While it is fair to say this does not appear to be historically borne out by US WWII experience, it must also be pointed out that this problem could be charged to the replacement system in place at that time, which was described in postwar studies as "the numbers racket" and bitterly indicted for its failures both at the replacement depot and in keeping units on the line without rest for much longer than they should have been. The British Army did much better in this particular area. The Wehrmacht's system hasn't apparently been studied much (perhaps the records are lost?), but as any Russian soldier could attest, despite continual defeats since Stalingrad the Germans grew in technical proficiency despite shrinking in numbers.
Much of the commentary about the collapse of the skill level in German forces in WWII misses a key point that rather than a collapse of regular army or Waffen SS units' skills, it was based on the fact that they were encountering a totally new set of troops, the Volksgrenadiers and other ad-hoc creations being new and not of the same calibur.
(moreso, isn't "steel my soldiers hearts" about a US division on and after D-Day?

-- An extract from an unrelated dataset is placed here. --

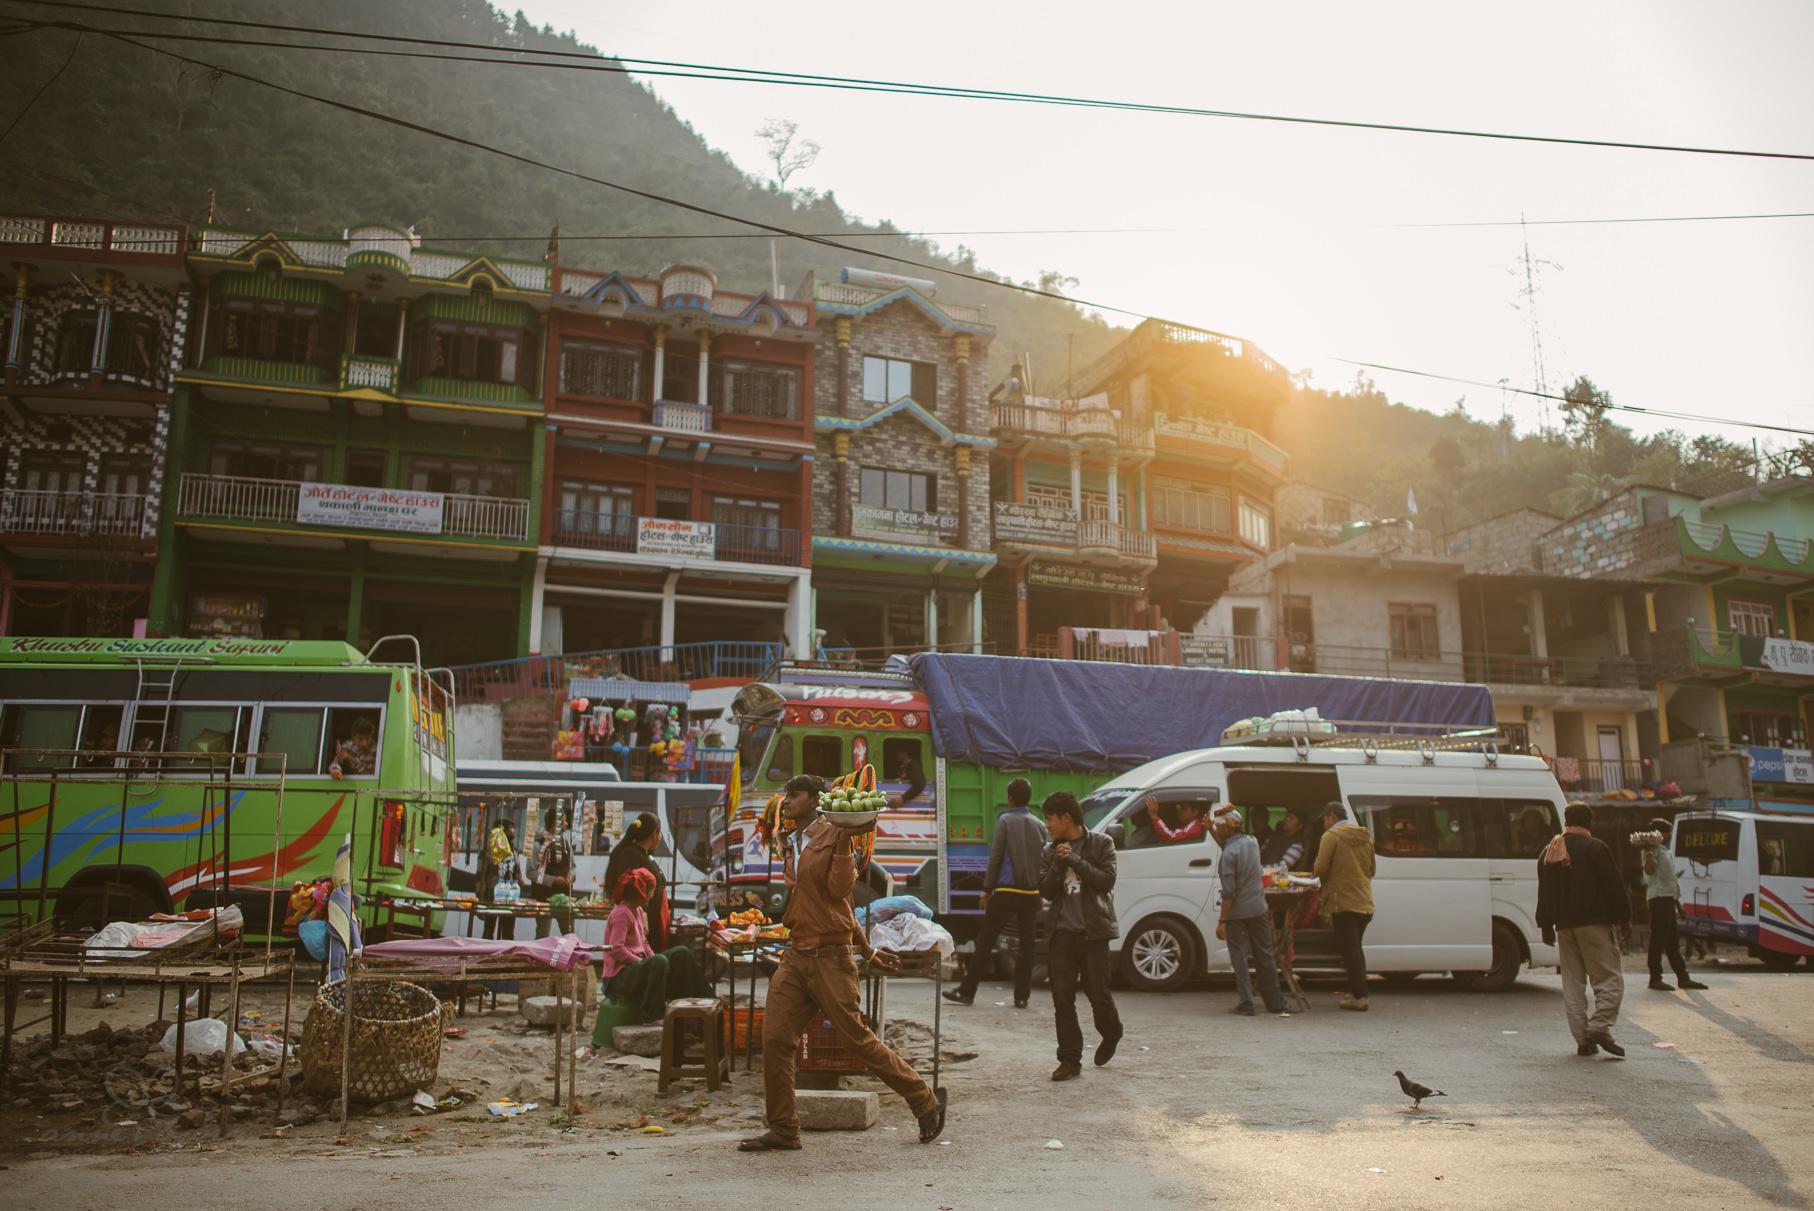 0007 anne und bjoern chitwan nationalpark nepal d75 4722 2 - Nepal Teil 3 - Roadtrip, Chitwan Nationalpark und eine spontane Hochzeit

That's scarcely the start of the war - the US war, perhaps, but not the allied war in Europe)
It
is the start of large-scale ground combat for the Western Allies. This is a telling point, actually. The British Army had not committed large numbers of its troops to the Med mainly because of US threats to send all their people to the Pacific if the Brits weren't going to get serious about a cross-Channel invasion, and frankly the Brits hadn't done particularly well up to that point in the war; their major victory at El Alamein was against an outmanned and chronically undersupplied Afrika Corps which had nonetheless driven them back almost to the gates of Alexandria, they surrendered to a numerically inferior Japanese army in Singapore and Malaya, and they hadn't demonstrated much of killer instinct during the pursuit of the Afrika Corps or fighting in Tunisia, Sicily, and Italy. The US Army had not committed a significant fraction of its strength to these same operations either, nor had it performed particularly brilliantly in Operation Torch or Tunisia. It fell to the US Navy to save the landings at Sicily and Anzio when German tanks reached the beaches in both operations. (Good as the Tiger and Panther were, getting hit by a 5" Common round from a naval gun was, and still is, a death sentence to a tank.)
Until D-Day the majority of the troops the Western Allies had were not committed to operations and had no real combat experience. So, it may not have been the start of the war in Europe, but it was the real start of the ground war.